**EXERCISE DESCRIPTION**: The data must be given again exactly as written, with all images omitted.

**DATA BLOCK**:
____
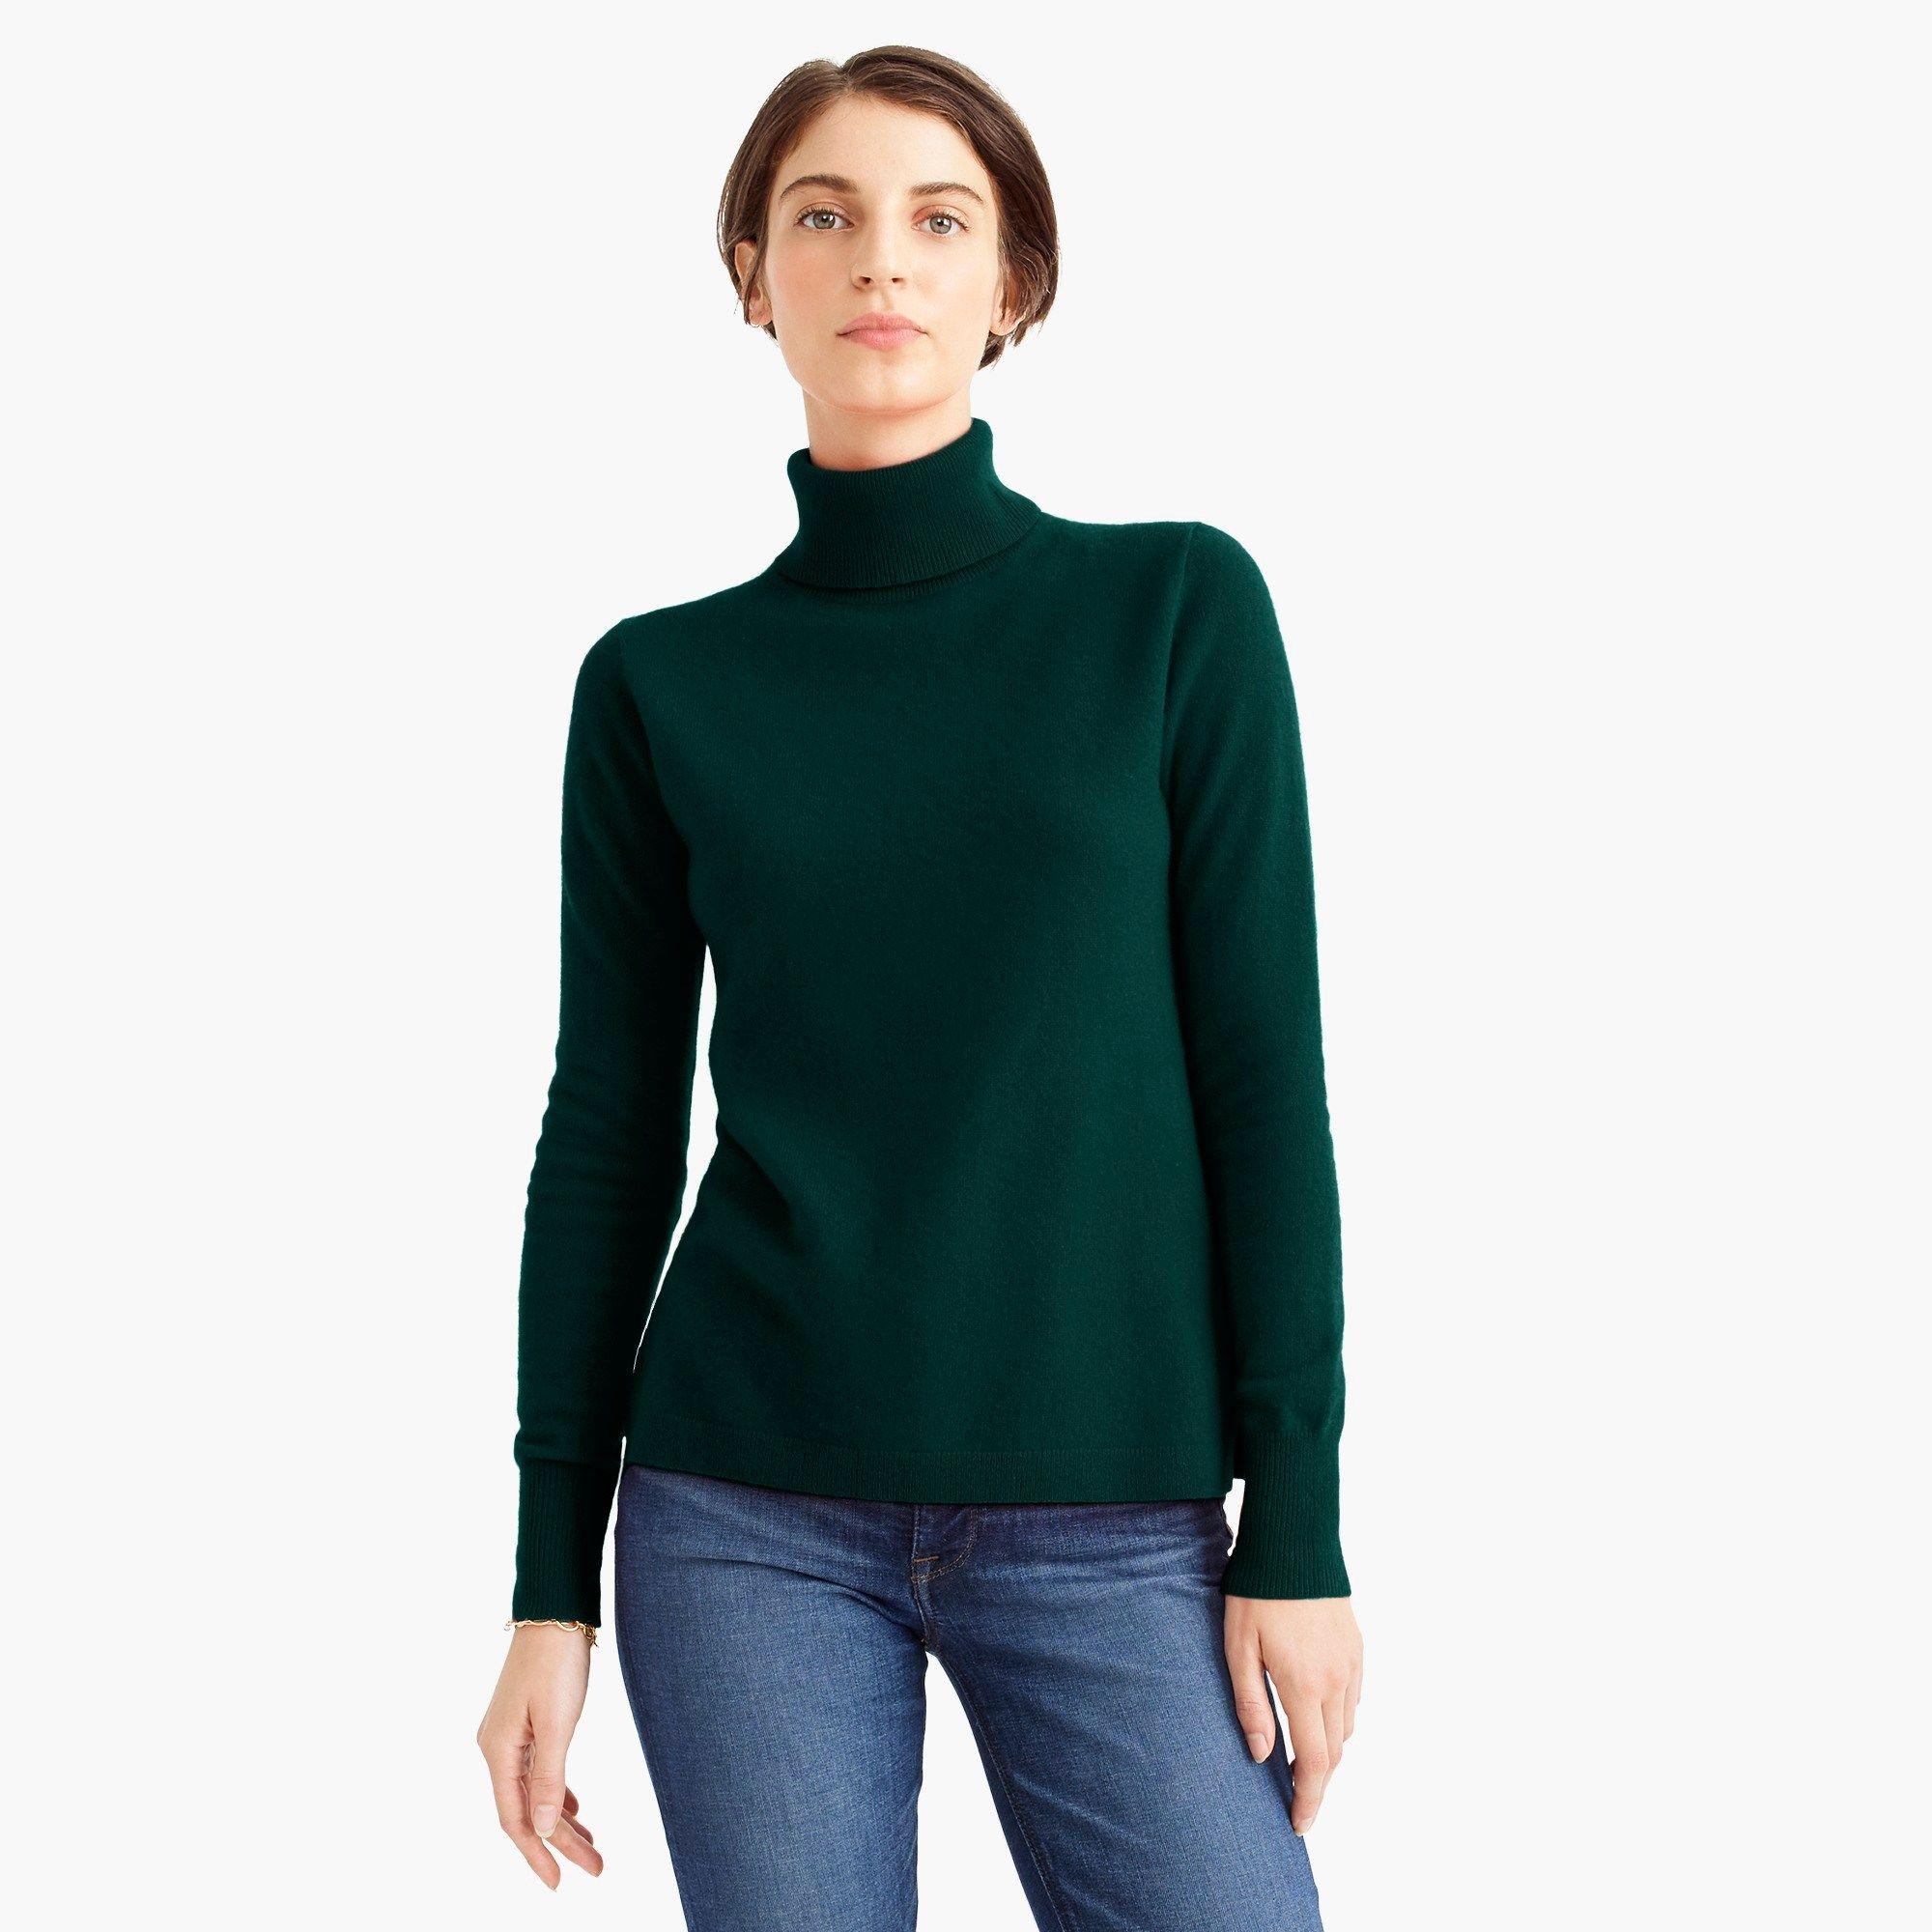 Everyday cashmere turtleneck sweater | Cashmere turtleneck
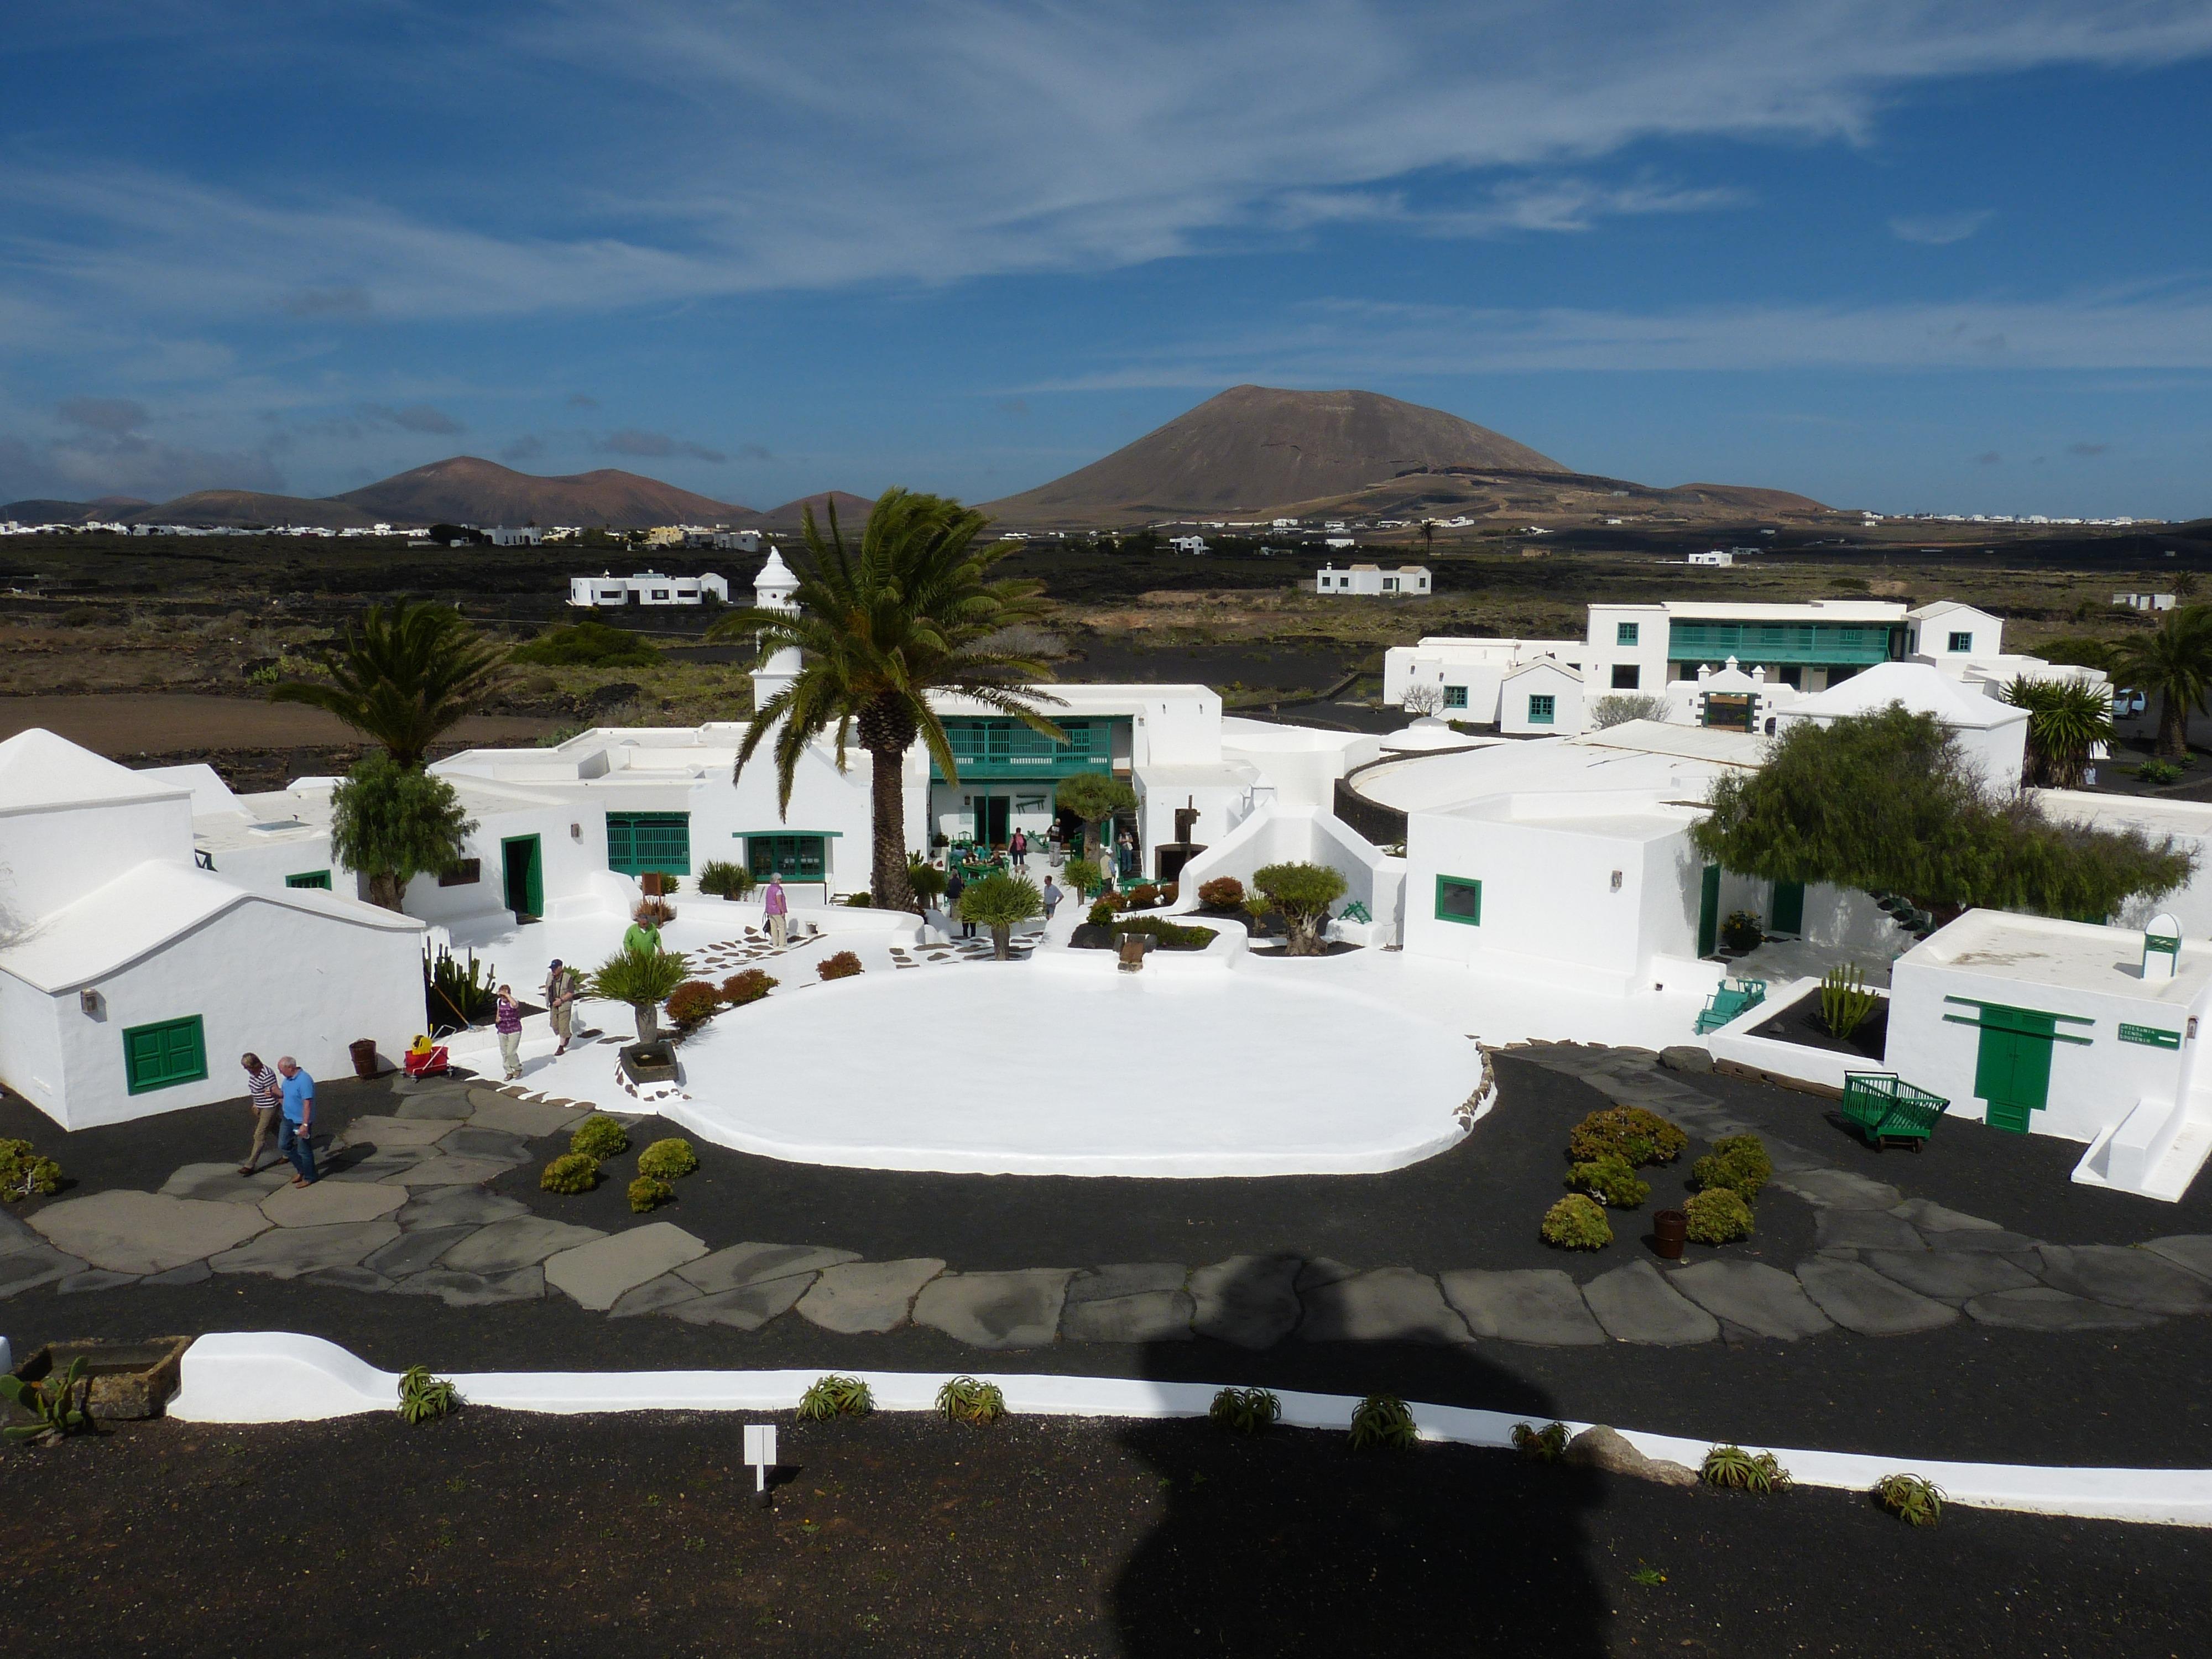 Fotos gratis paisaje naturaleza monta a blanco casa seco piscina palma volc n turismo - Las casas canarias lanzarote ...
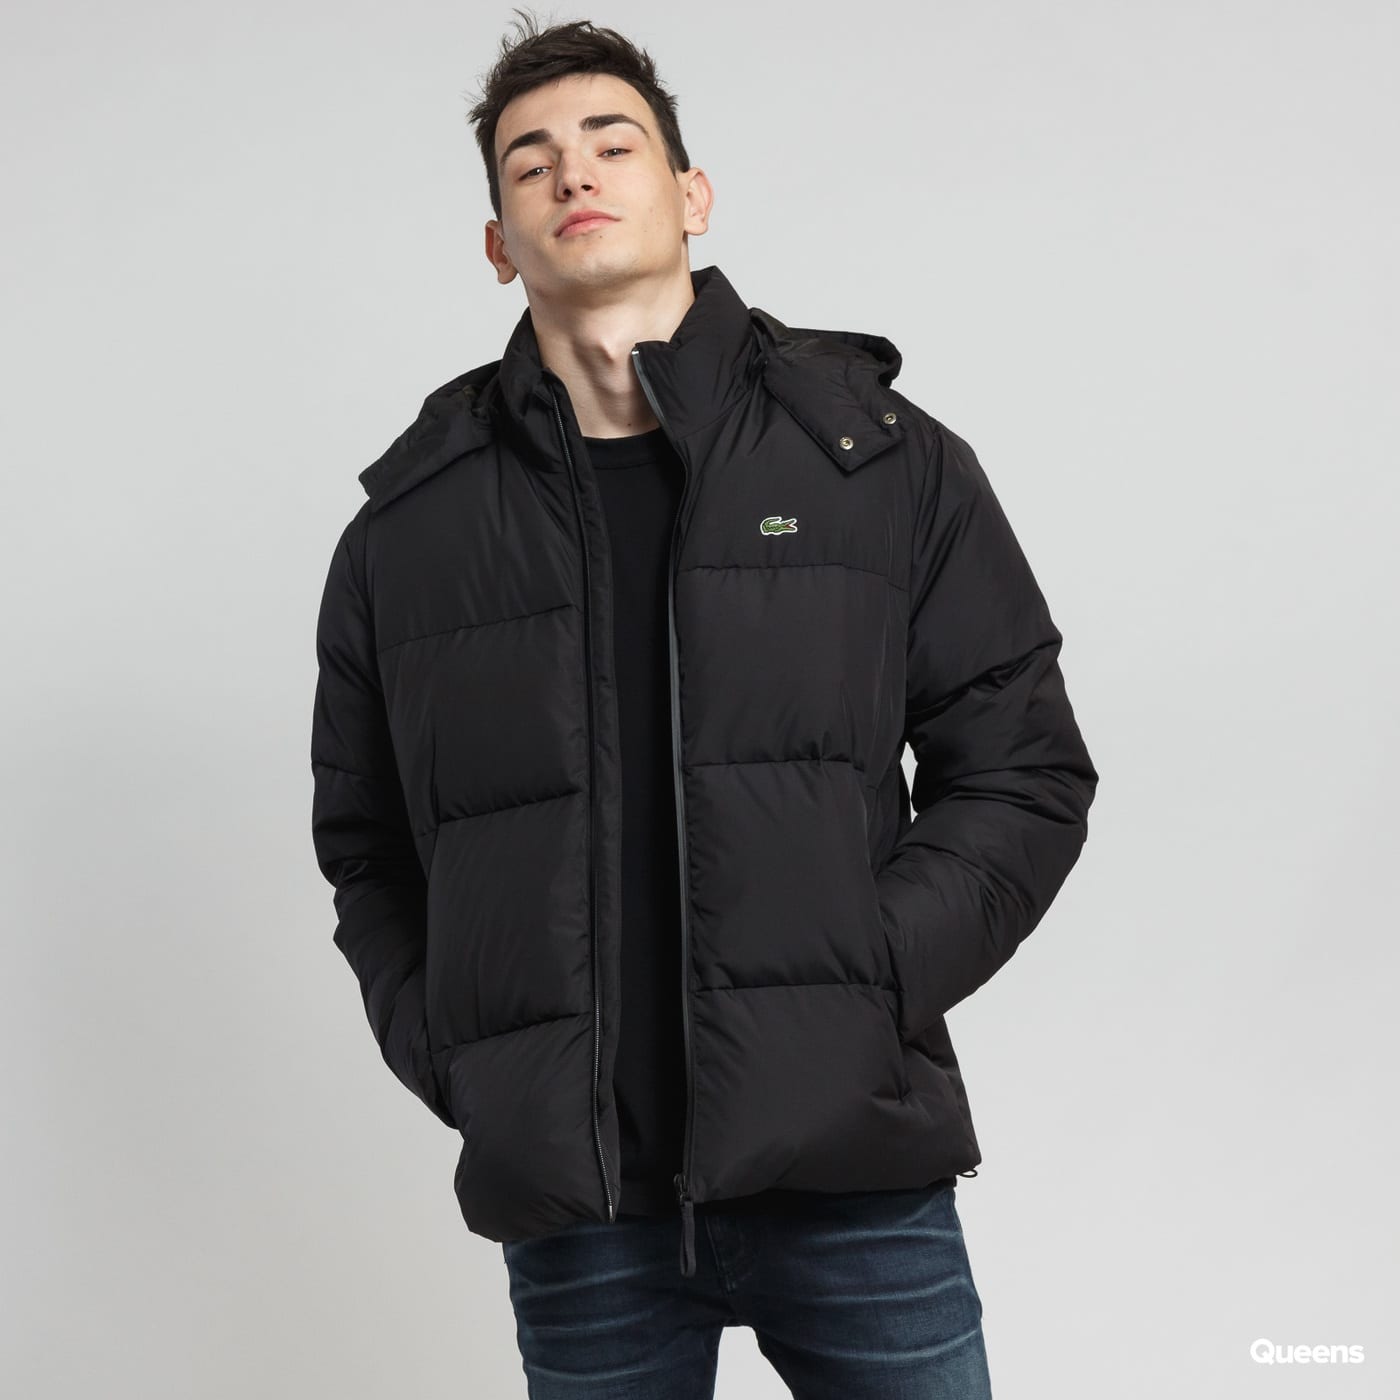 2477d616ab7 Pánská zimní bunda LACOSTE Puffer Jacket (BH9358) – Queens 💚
____
**SOLUTION TO THIS EXERCISE**:
 Everyday cashmere turtleneck sweater | Cashmere turtleneck
 Fotos gratis paisaje naturaleza monta a blanco casa seco piscina palma volc n turismo - Las casas canarias lanzarote ...
 2477d616ab7 Pánská zimní bunda LACOSTE Puffer Jacket (BH9358) – Queens 💚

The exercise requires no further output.